Qian et al. (2001a) and Lin et al. (2002). The last period of this grant partially funded the development of two interlinked and integrated database systems, PartList.org and GeneCensus.org (described in Fig 2). In general, GeneCensus takes a more sequence and less structural view of genome comparisons than PartsList, focusing on expression data, pathway activities, and protein interactions.

Cheung et al. (2001), Greenbaum et al. (2001), Bertone & Gerstein, (2001). We have done a number of conceptual papers on issues in database integration. We have developed a number of approaches that work towards the goal of an integrated genomic database. The first paper above describes ways of using XML to allow the interoperation of separate genomic resources. The second two papers describe how we can think of genomic information as a succession of different "omes" that can be interrelated in various ways. These papers are conceptual but are valuable in the way that they help structure information and enable it to be laid out in coherent database framework.

Yu et al. (2004). Real protein networks are quite complex and can often be divided into many sub-networks through systematic selection of different nodes and edges. For instance, proteins can be sub-divided by expression level, length, amino-acid composition, solubility, secondary structure and function. A challenging research question is to compare the topologies of sub-networks, looking for global differences associated with different types of proteins. We recently created TopNet, an automated web tool designed to address this question (http://networks.gersteinlab.org/genome/interactions/networks), calculating and comparing topological characteristics for different sub-networks derived from any given protein network.

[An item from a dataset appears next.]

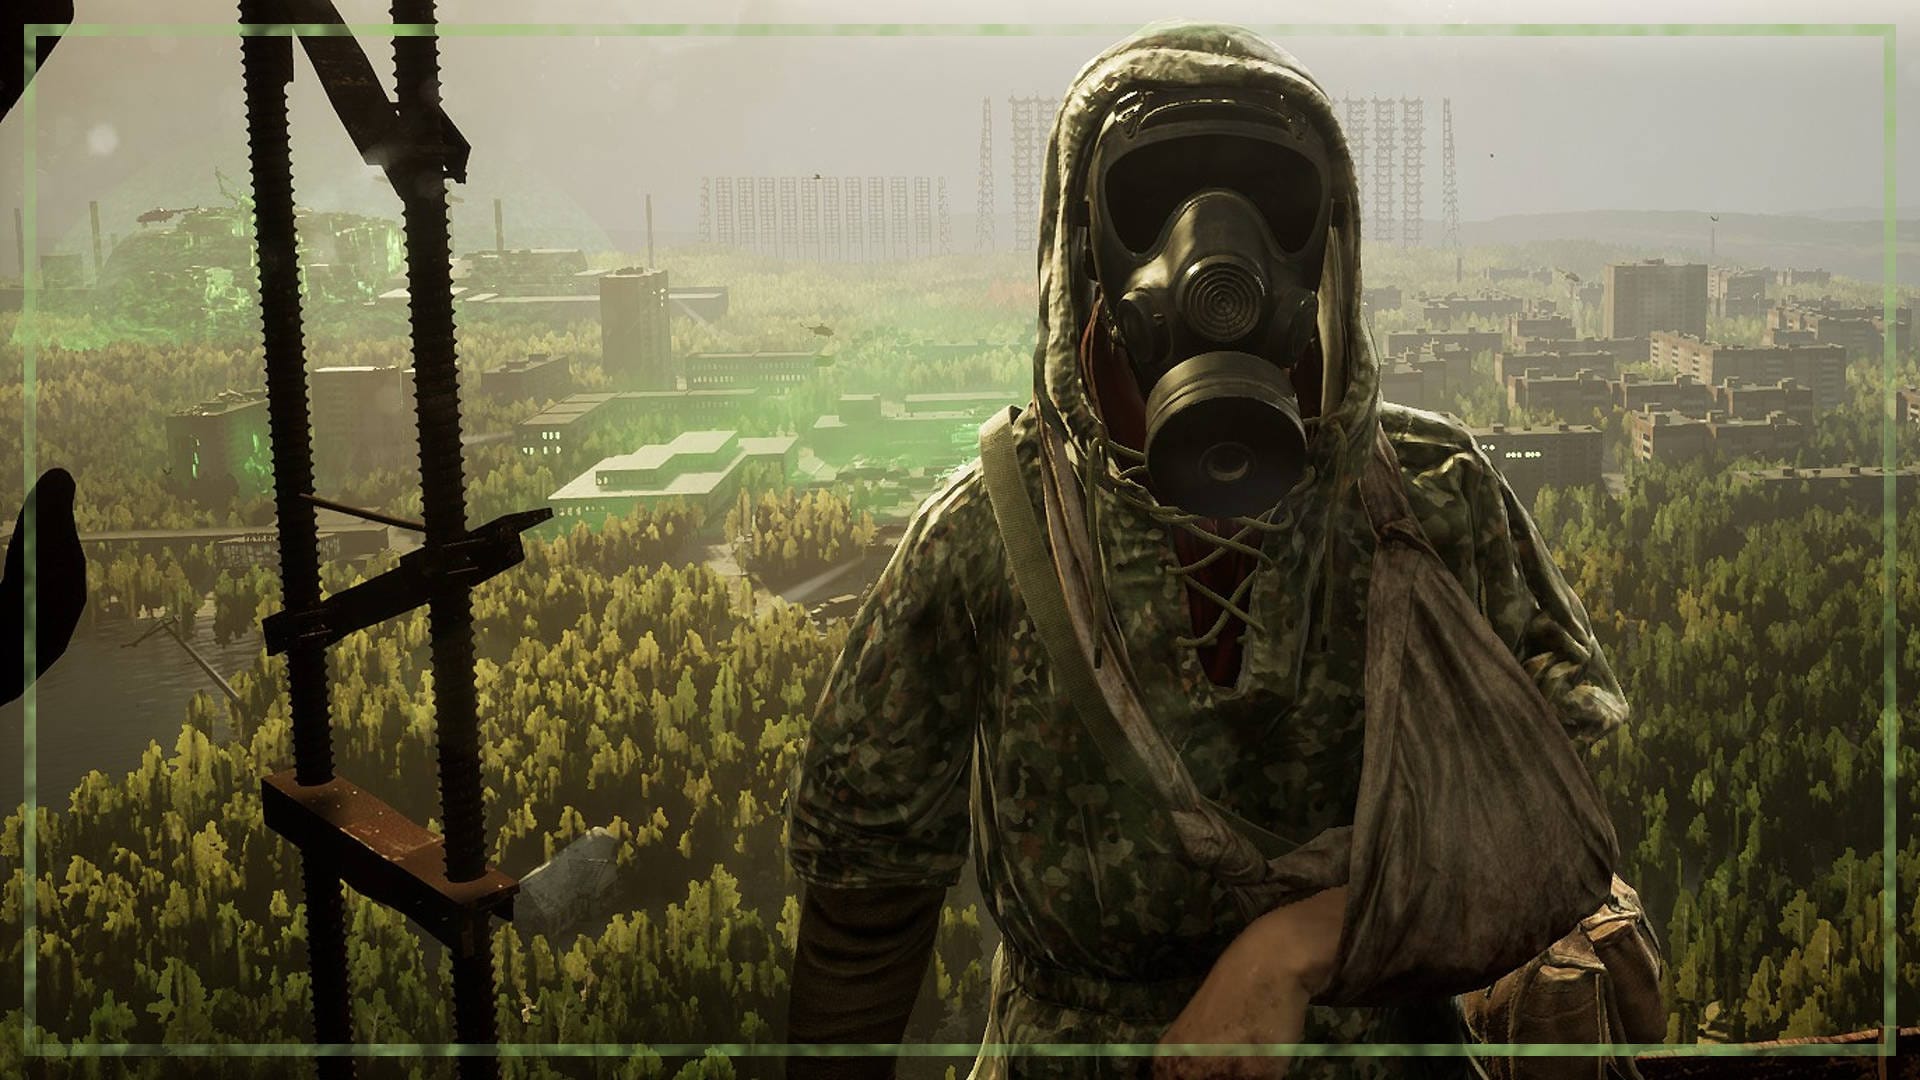 Chernobylite Stalker Metro 2033 players cover

Progress Interrelating Membrane Proteins with Functional Genomics Data

We have used database integration to find a number of interesting correlations related to membrane proteins.

Jansen & Gerstein (2000) and Drawid et al. (2000). Using our integrated database system, in the first paper we were able to connect the prediction of transmembrane helices in yeast with a number of datasets giving measurements of whole genome expression levels. This produced the notable result that membrane proteins are expressed at a considerably lower level than soluble proteins, by ~22%, and that certain broad groups of membrane proteins are expressed more highly than others -- e.g. 4-TMs are expressed at a higher level than 2-TMs. In the second paper (described in Fig. 3), we extended this analysis to fully relate subcellular localization with gene expression level.

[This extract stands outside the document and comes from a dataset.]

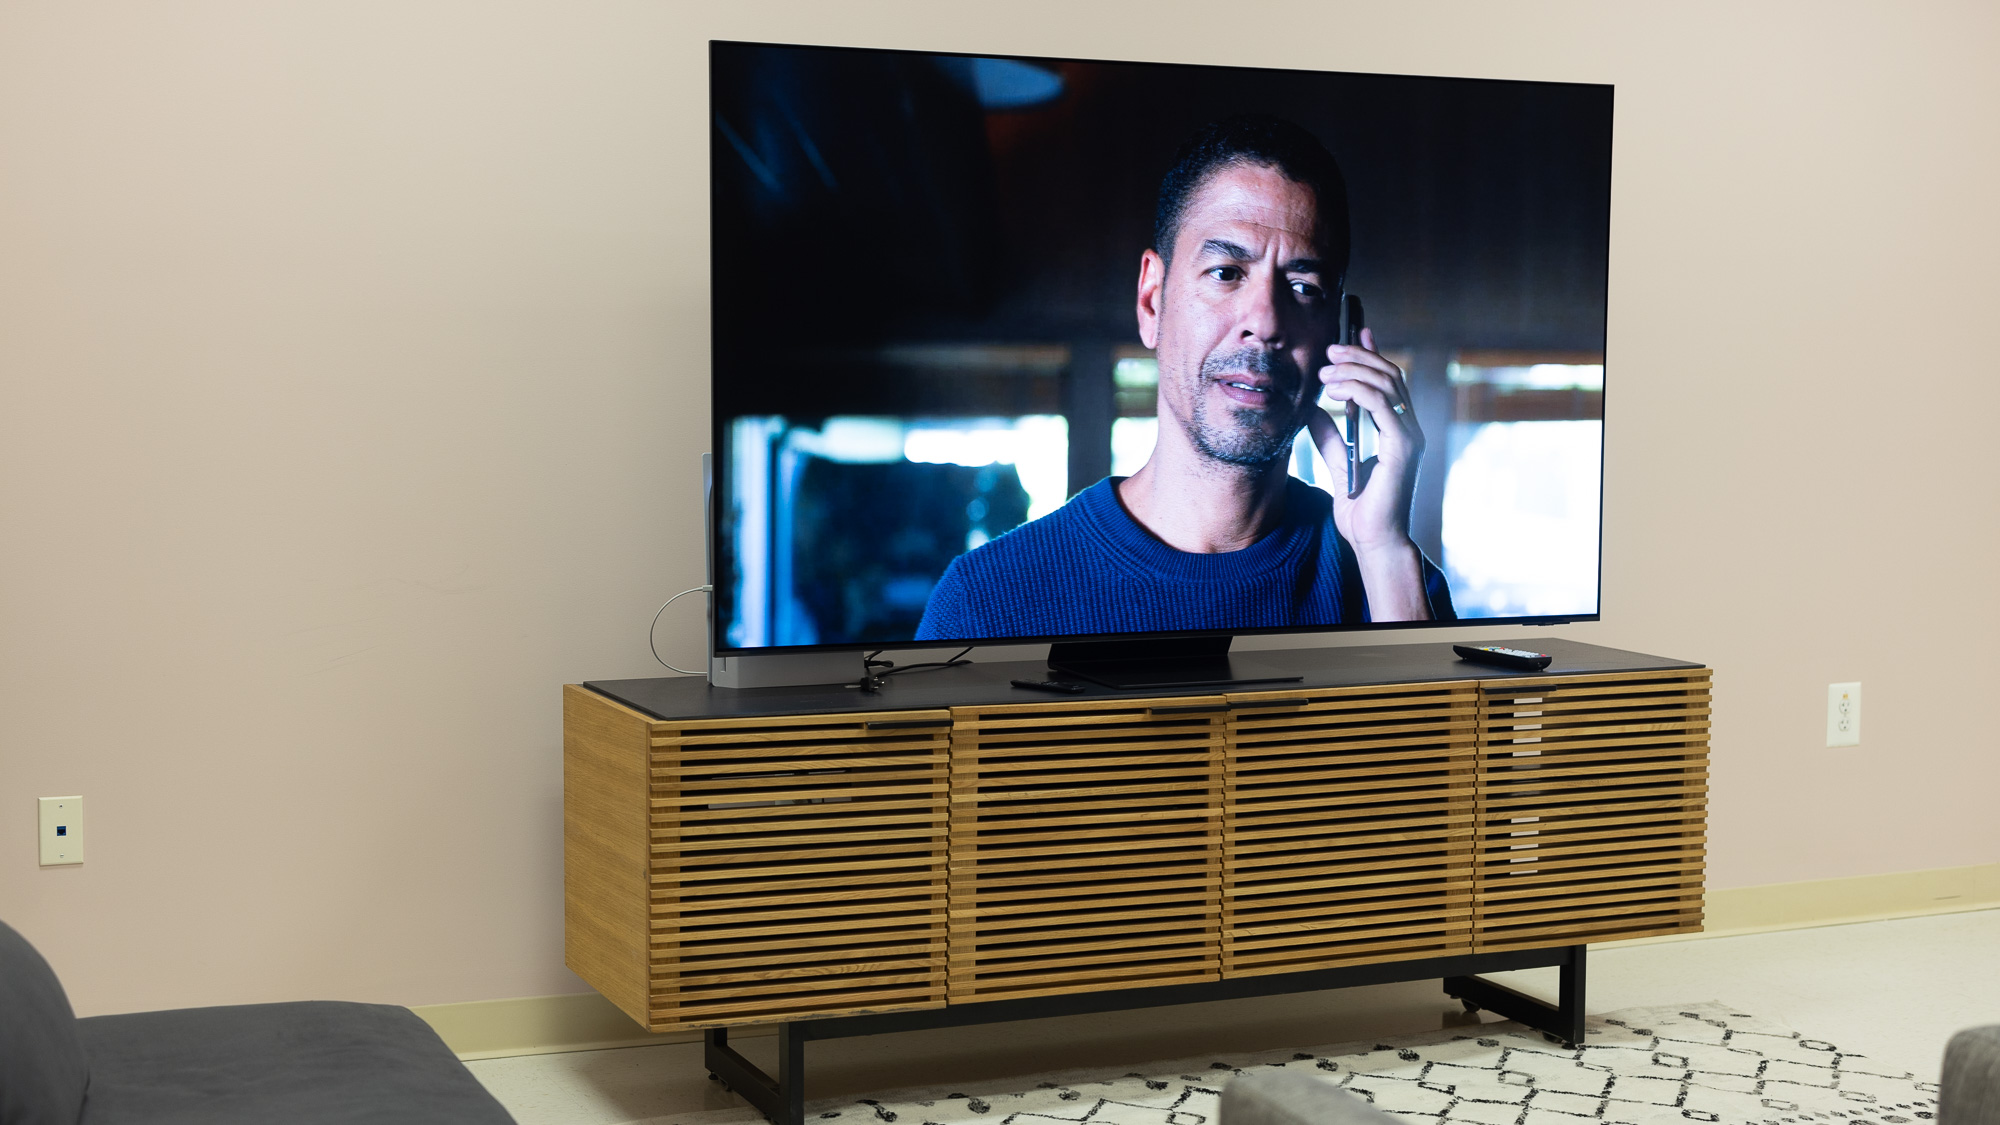 4K TV Guide 2022: The Best 4K TV Providers and Channels

Drawid & Gerstein (2000), Alexandrov & Gerstein, (2001), Kumar et al. (2002). In the first paper we extended our work on gene expression and subcellular localization to the prediction of subcellular localization based on genomic features. That is, we made use of the correlations that we had found and used them for the overall prediction of subcellular localization. In the second paper, we developed the mathematics of our formalism further, showing that it was in many respects analogous to the probabilistic calculations in quantum mechanics. Finally, in the third paper, we scaled our procedure up and applied it to the whole yeast genome in combination with experiment, to predict subcellular localization for all proteins in yeast. This paper represents an experimental capstone on our computational work in this area. It will be broadly useful to yeast biologists.